精算表の作成 【知識ゼロからの会計学入門020】

知識ゼロからの会計学入門、第20回は「精算表の作成」についてです。
いよいよ簿記の一巡の最後になります。

前回は繰越試算表を作りましたが、今度は決算整理前の残高試算表から決算整理仕訳を経て、最後に貸借対照表と損益計算書を作るという、大きな流れを俯瞰する表として精算表を作ります。

これは日商簿記3級の第五問でよく出ている総合問題で、決算の全体像を一覧する大事な表です。

この表は任意で作成しますが、ほとんどの会計ソフトでは自動的に作れるようになっていると思います。

精算表とは何かというと、勘定科目が左側に縦一列にあり、左から「試算表」「修正記入(決算仕訳)」「損益計算書」「貸借対照表」という4つのコラムがあります。

それぞれのコラムに対して借方と貸方がありますので、2列×4つのコラムで8桁あることから、「8桁精算表」といって、これが日商簿記検定の第五問でよく出ます。

なかには決算整理後の試算表から始まって、修正記入を飛ばして損益計算書と貸借対照表に書く「6桁精算表」というものもあります。

あるいは、簿記検定では出づらいですが、一番桁数が多いケースは、決算整理前の試算表から始まって、修正記入があって、決算整理後の残高試算表を作ってから損益計算書・貸借対照表というように、もう1つコラムを増やす「10桁精算表」というものもあります。

「試算表」と書いてありますが、これは決算整理前試算表のことです。
現金が借方に4,450、車両運搬具は借方に150、借入金は2,000、資本金は1,000、繰越利益は0、売上は4,000、仕入が2,400で、借方と貸方の合計はそれぞれ7,000です。

次に修正記入です。
車両運搬具について決算整理仕訳を行いました。

耐用年数6年で残存価額が0なので、150÷6=25万円ずつ毎年価値が減っていきます。
このように毎年一定額ずつ価値が減る考え方を「定額法」といいました。

今回は車両運搬具という勘定科目を直接減らすことで評価を下げますが、これを「直接法」といいました。

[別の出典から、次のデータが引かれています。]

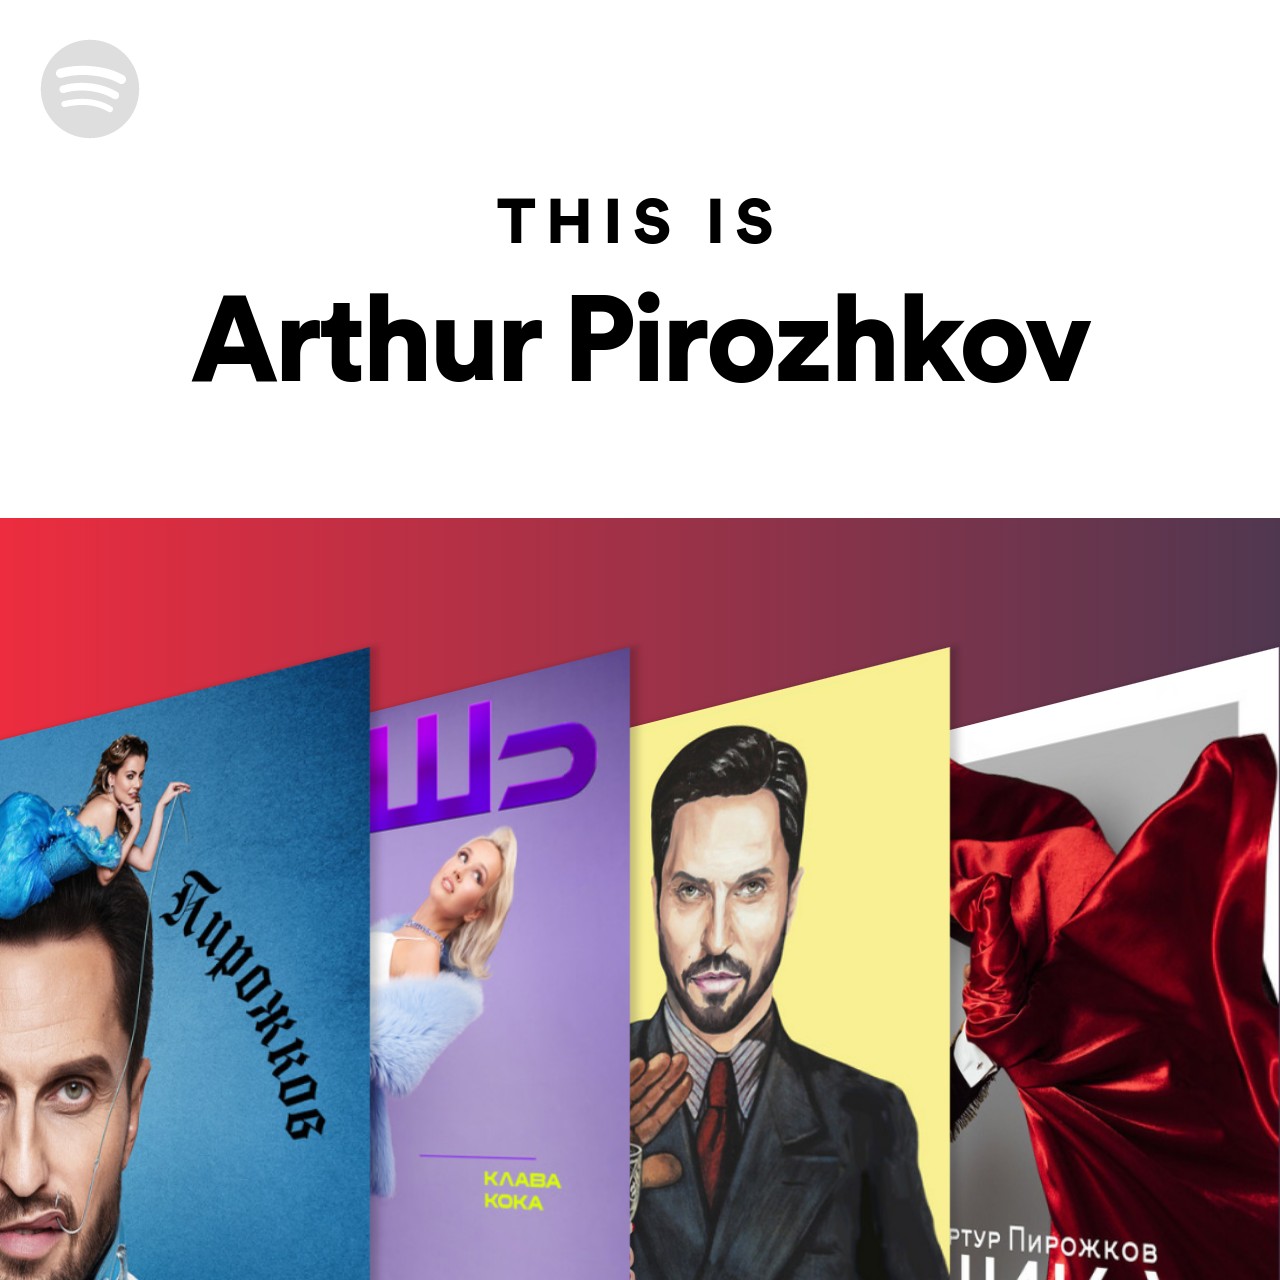 This Is Arthur Pirozhkov

仕訳は(借方)減価償却費25 (貸方)車両運搬具25です。
精算表の修正記入欄には車両運搬具の貸方に25、減価償却費の借方に25という仕訳を表現します。

借方と貸方はそれぞれ25になります。
やはり、必ず借方と貸方の合計は一致します。

次に損益計算書です。
損益計算書に記入するものは収益と費用です。
今回の取引の中で収益に該当するものは売上です。

売上4,000が損益計算書の貸方に写します。
費用としては、仕入2,400をそのまま借方に写します。

減価償却費については、スタートは0ですが、試算表0+修正記入25で借方25になります。
そして、すべてを損益計算書に写し終わったら、貸方の合計を出します。

貸方は売上4,000だけなので、これがそのまま合計となります。
借方は仕入と減価償却費で2,425になります。

比較すると借方よりも貸方のほうが大きいので、大きいほうの金額を先に書きます。
そしてもう一方の合計も同じ金額を書きます。
4,000と2,425の差し引き1,575を穴埋めして、これを当期純利益と考えます。

今回は貸方(収益)のほうが大きいから当期純利益となりますが、借方(費用)のほうが大きい場合は、儲かっていないことになるので当期純損失となります。
これで借方と貸方の数字が一致していることになります。

最後に貸借対照表です。
資産、負債、純資産に属するものがここに入ります。
まず、現金4,450をそのまま写します。

問題は車両運搬具ですが、150で始まって修正記入で25減らしていますので、150-25で125となります。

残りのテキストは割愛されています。